Belum sampai mahasiswa ini bernyanyi, ibu dosen terkejut saat melihat Vid berdiri di depan dengan hanya memakai sandal jepit.

“Vid, kenapa tidak pakai sepatu? Kok pakai sandal jepit?” Kata ibu dosen kaget setengah heran.

Vid yang berpenampilan ala anak band ini pun hanya bisa nyengir sembari menjawab: “Saya lupa, bu.”

Bagi Vid, memakai sandal jepit adalah sebuah kejujuran kepada telapak kakinya. Memakai sandal jepit adalah sebuah kenyamanan, praktis, santai, dan tidak sedang dalam situasi yang banyak aturan.

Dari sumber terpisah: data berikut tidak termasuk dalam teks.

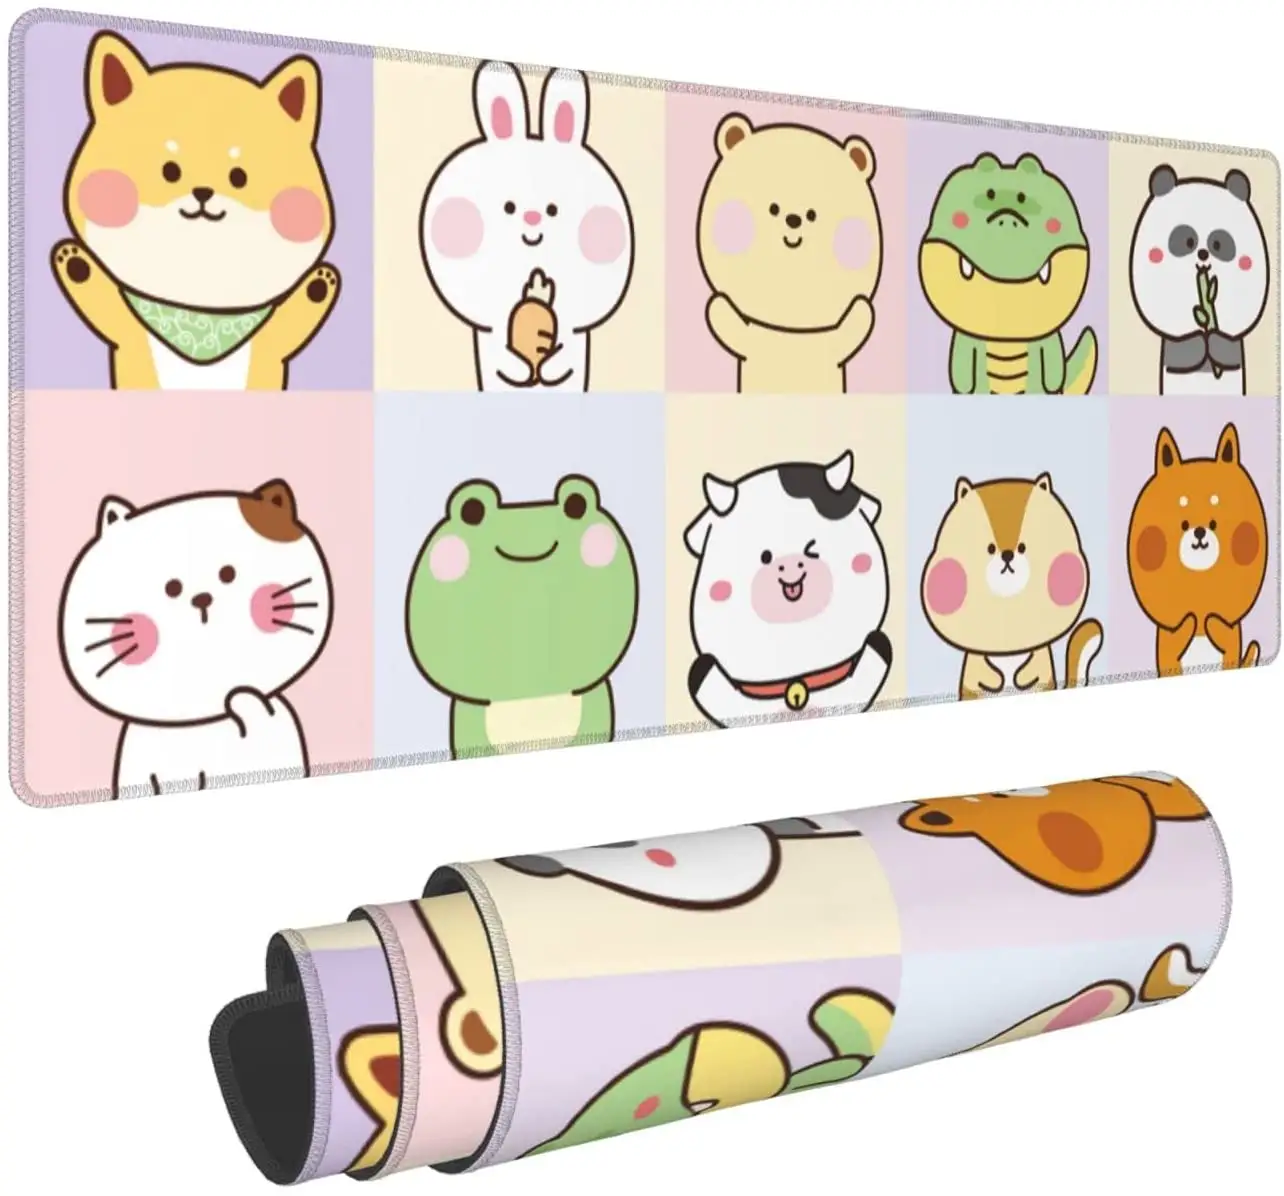 70*30cm Kawaii Animals Gaming Mouse Pad Large XL Cute Desk Mat Long Extended Pads Big Mousepad for Home Office Decor Accessories

Jejak Sandal di Berbagai Dunia

Kata sandal berasal dari bahasa Yunani yaitu sandalion yang diturunkan menjadi sandal. Sandal dapat didefinisikan sebagai pelindung telapak kaki dengan tali pengikat yang melewati punggung kaki atau beberapa jenis melewati pergelangan kaki.

Bahan dari sandal bisa terbuat dari kulit, plastik, jerami, logam, atau karet. Sandal paling pas dipakai dalam keadaan panas, iklim kering, daerah berbatu atau kondisi cuaca dan medan yang ekstrim lainnya.

Melihat ke belakang lagi, sekitar 6000 SM perajin sandal di Sumeria mulai menggunakan kulit binatang sebagai bahan utama sandal. Di belahan bumi lainnya, tepatnya di negara bagian Oregon, Amerika Serikat, ditemukan sandal yang terbuat dari kulit di Gua Ford Rock pada tahun 1938. Menurut National Geographic, umurnya berkisar antara 10.500 tahun yang lalu dan dikenakan oleh orang Amerika Utara asli pada waktu itu.

Peradaban Mesir kuno juga mencatatkan kehadiran penggunaan sandal. Ini merujuk pada mural di makam dan kuil-kuil bergambar sandal jepit yang berumur 4000 SM. Sedangkan sepasang sandal jepit Mesir kuno yang dipamerkan di British Museum telah berusia 1500 SM. Sandal tersebut terbuat dari daun lontar dan dalam perkembangannya telah dibuat dengan berbagai macam bahan.

Pengrajin Mesir kuno mahir membuat berbagai sentuhan dalam sandal jepit. Beberapa dibuat dengan desain yang praktis dan sederhana, tapi beberapa lainnya dibuat dengan sangat kaya ornamen dan sentuhan seni. Perbedaan desain ini juga merujuk pada tingkatan status sosial penggunanya. Komposisi dari sandal ini rata-rata terbuat dari daun lontar atau daun kelapa, berkelok-kelok mirip dengan anyaman keranjang yang melingkar.

Sandal Mesir kuno yang menakjubkan ditemukan di makam Raja Tutankhamun. Warnanya didominasi ungu, dengan taburan potongan-potongan emas, kulit pohon birch, tulang dan bahkan potongan kaca hias untuk menambah kesan mewah dan glamor.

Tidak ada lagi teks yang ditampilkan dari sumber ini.